Now we shift toward the interior life, the Self becomes more of a focus, our spiritual life can deepen. We can see this shift in the human life cycle if we compare the second phase of life with its emphasis on family creation and nurture and career, to the third, with its pulling back from those external expectations. The third phase is a post growing season time of life, not in the sense that growth ends, but that its focus is more down and in rather than up and out. The third phase is the fallow time.  Michaelmas on the 29th of this month is known by followers of Rudolf Steiner as the springtime of the soul.

The third phase marks the beginning of the springtime of the soul for the individual.

Love it or leave it

Lughnasa                                                                          College Moon

Cool nights. I’m enjoying these. A great advantage of mountain living is that most nights are cool nights. Looking forward to that. Also, realized that after we move Coming Down the Mountain will take on a new meaning in our life.

The push this week is getting things ready to make efficient use of the SortTossPack folks. A major emphasis will be sorting art, objet d’arts, souvenirs, all that stuff that hangs around because it got set down long ago and never moved. This is the love it or leave it sort.

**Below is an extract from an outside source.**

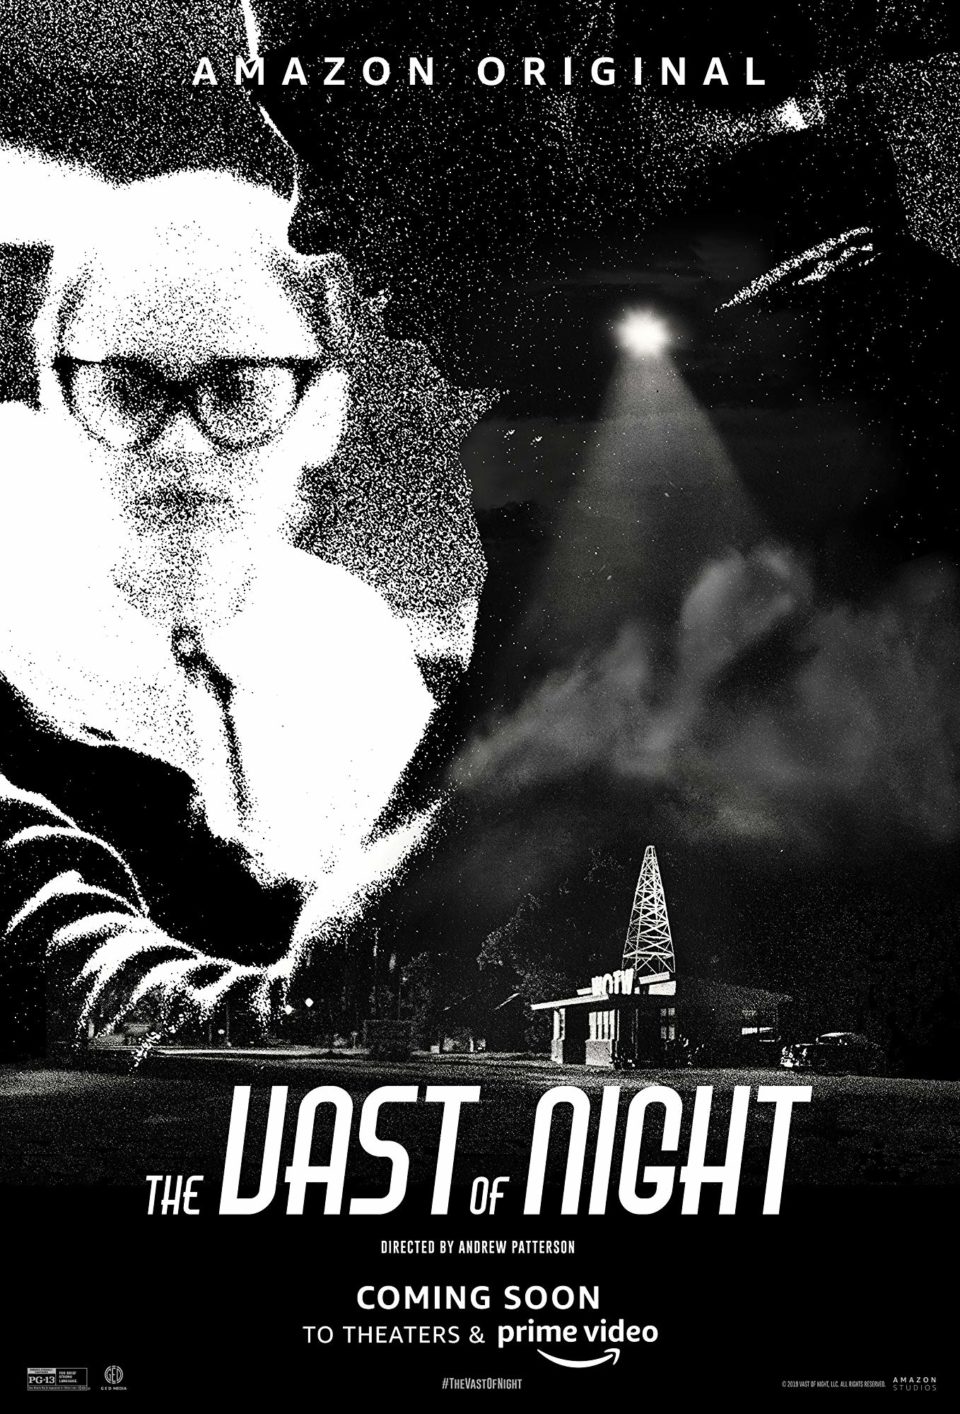 The Vast of Night – Teaser Poster

Which reminds me of a conversation with Tom Crane at the War Memorial during the Woolly Meeting last week.  Pondering the weirdness around patriotism, the notion that the only patriots were veterans and flag wavers. I said, yes, and recalled the 60’s when the love it or leave it bumper stickers pretended to sort out the patriotic, worthy of citizenship folks from those of us with long hair and in opposition to the Vietnam War.

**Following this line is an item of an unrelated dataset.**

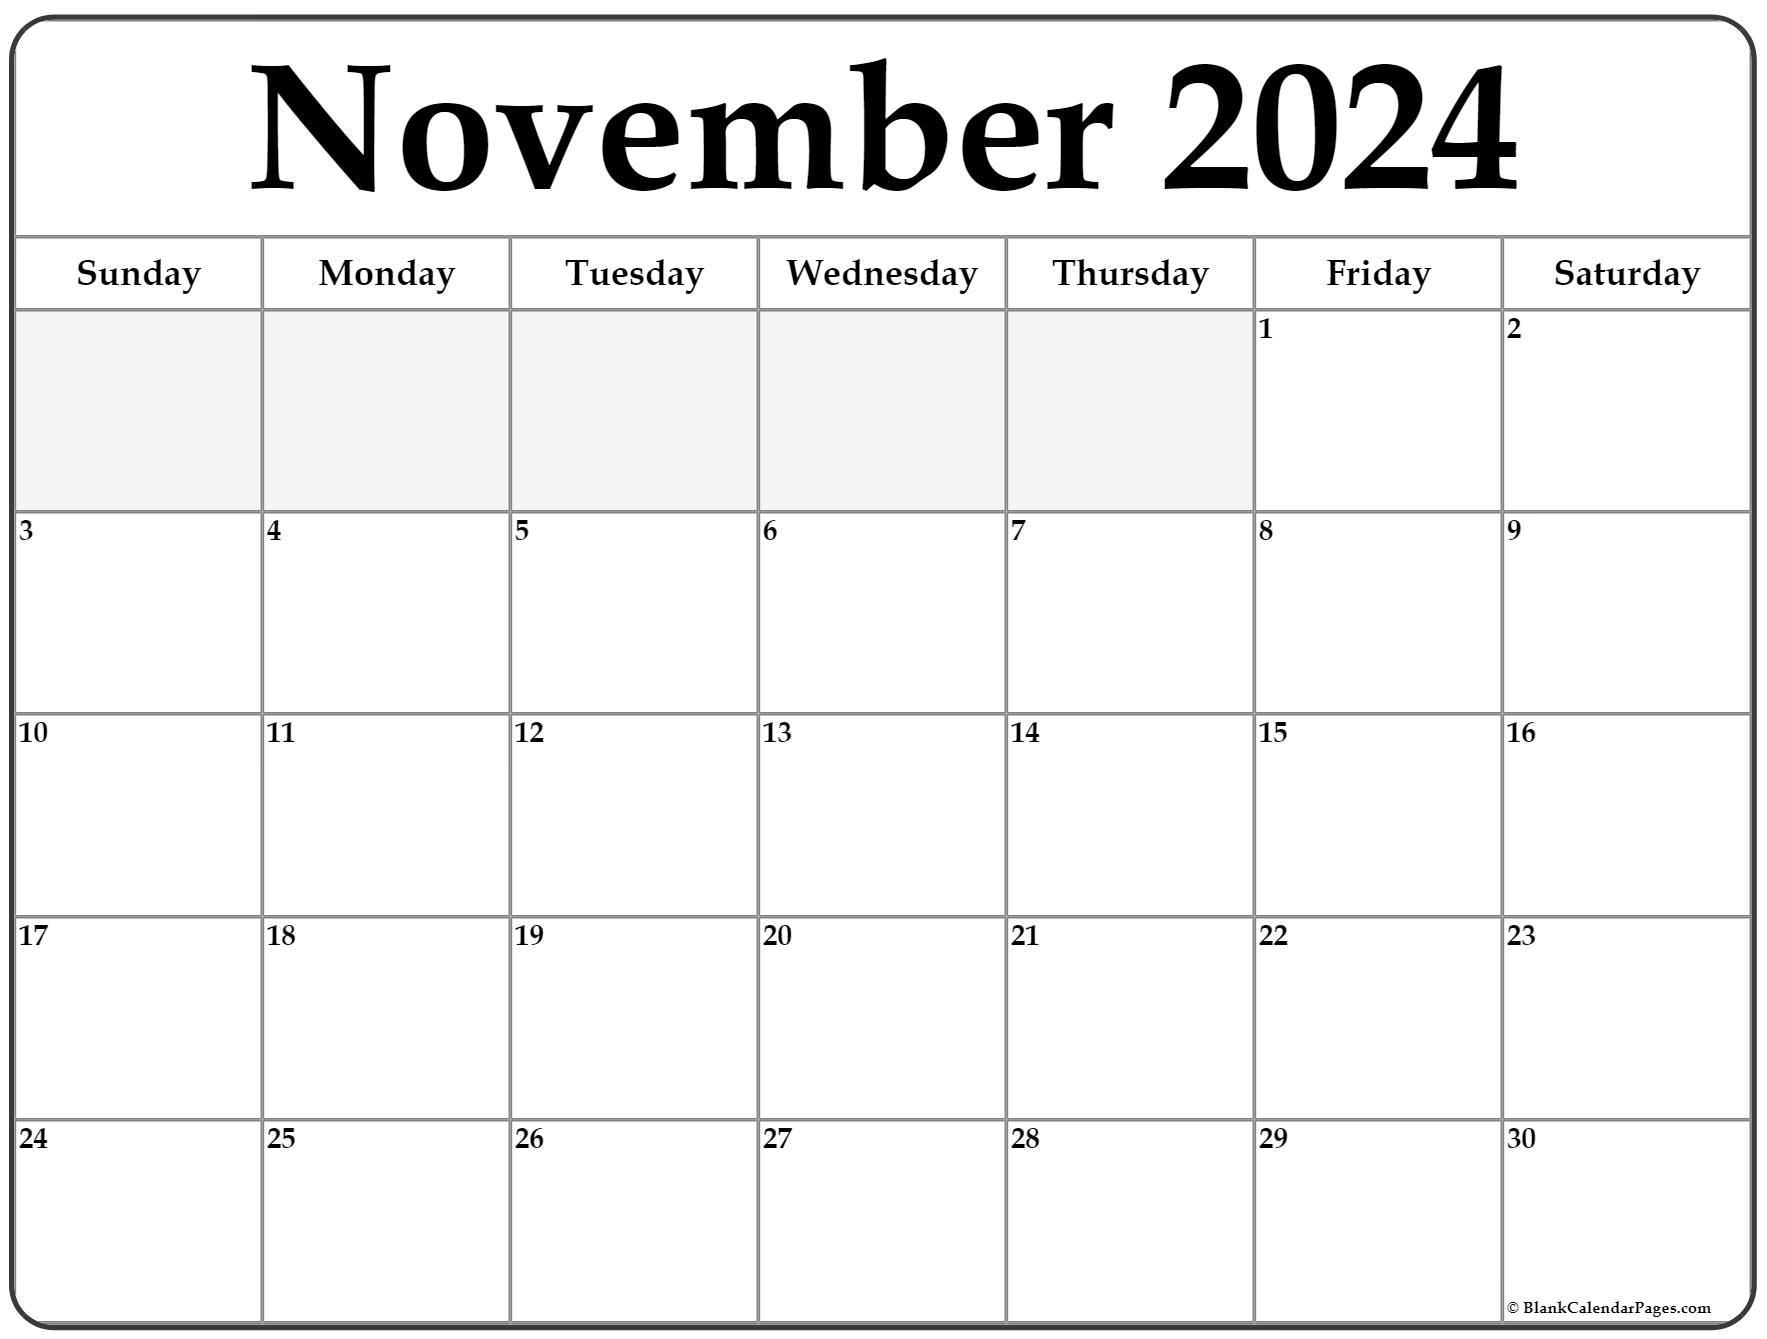 Monthly Calendar 2022 November November 2022 Calendar | Free Printable Calendar Templates

Love of country does not equate to love of government and pride in all its decisions. Nor does it equate to love of the economic system that sorts folks into the 1% and the 99%. Love of country has many roots and more than one flower.

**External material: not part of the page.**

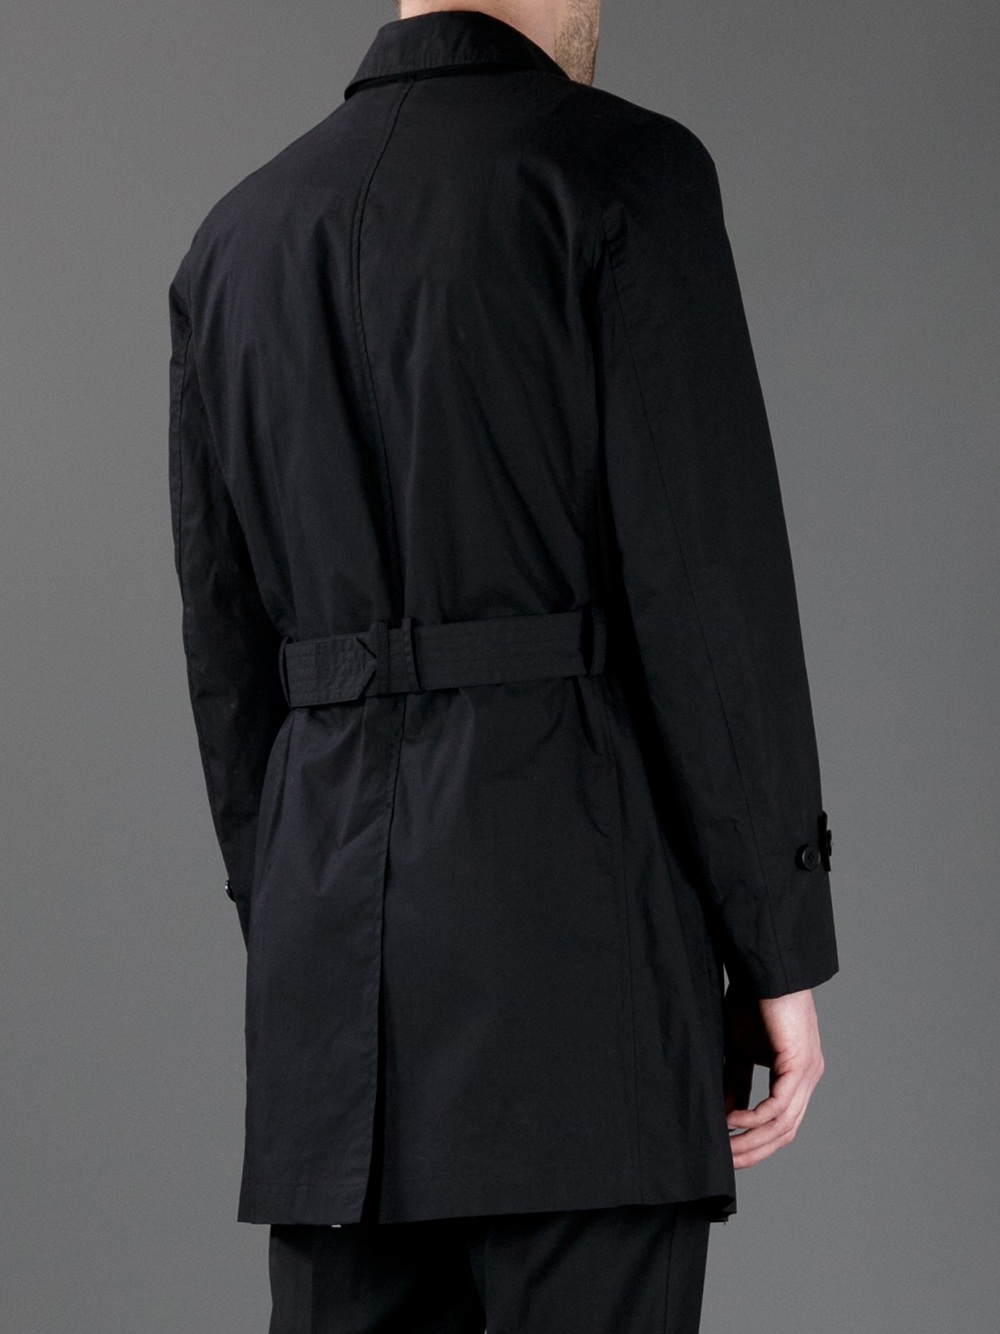 Paul Smith Belted Mac Coat in Black for Men | Lyst

With a son in the military I appreciate the dedication and sacrifice those who serve in the armed forces make, even in peace time. That some in the country want to remember and honor those who serve seems like a natural impulse to me. Most nations have needed warriors over the millennia and they are often the difference between freedom and servitude.

But, the warriors in our country serve at the discretion and for the policies of our elected officials. This means that the work they do passes through the sausage works of politics before it comes to marching orders. Not all wars (most wars?) are just. Thus, it is not reasonable to conflate opposition to war, or to a particular war, with opposition to the military per se.

The love I feel for my nation has three main sources: the people as a collective, the nobility of our experiment and the vast diversity of the land itself. Though we become separated by distance, by values, by history, by future potential each person in our nation is my fellow citizen, a person whose rights and responsibilities I respect.

This great experiment, whether a people with roots in other lands can flourish as one country, is a noble one because it represents in microcosm the world. The fact that our history has many regional, ethnic, even religious conflicts does not take away from the experiment, rather it underwrites it. Can we live with and grow together in spite of the depth of our differences? That a nation can persist, can become great under such circumstances is hopeful.

Finally, this land that is our land. The oceans and their shores. The rivers and lakes. Old mountains like the Appalachians and young vibrant mountains like the Rockies. Vast areas of level fertile soil in a humid climate. Even vaster areas of thin, rocky soil in arid climates. The forests and the wildlife, the farms and the ranches. The wild places and the domesticated. It is a wonder and a full lifetime, even two full lifetimes would not be enough to explore it.

It is this combination of people, political purpose and powerful geography that makes me love where I was born and where I will die. The good old U.S.A.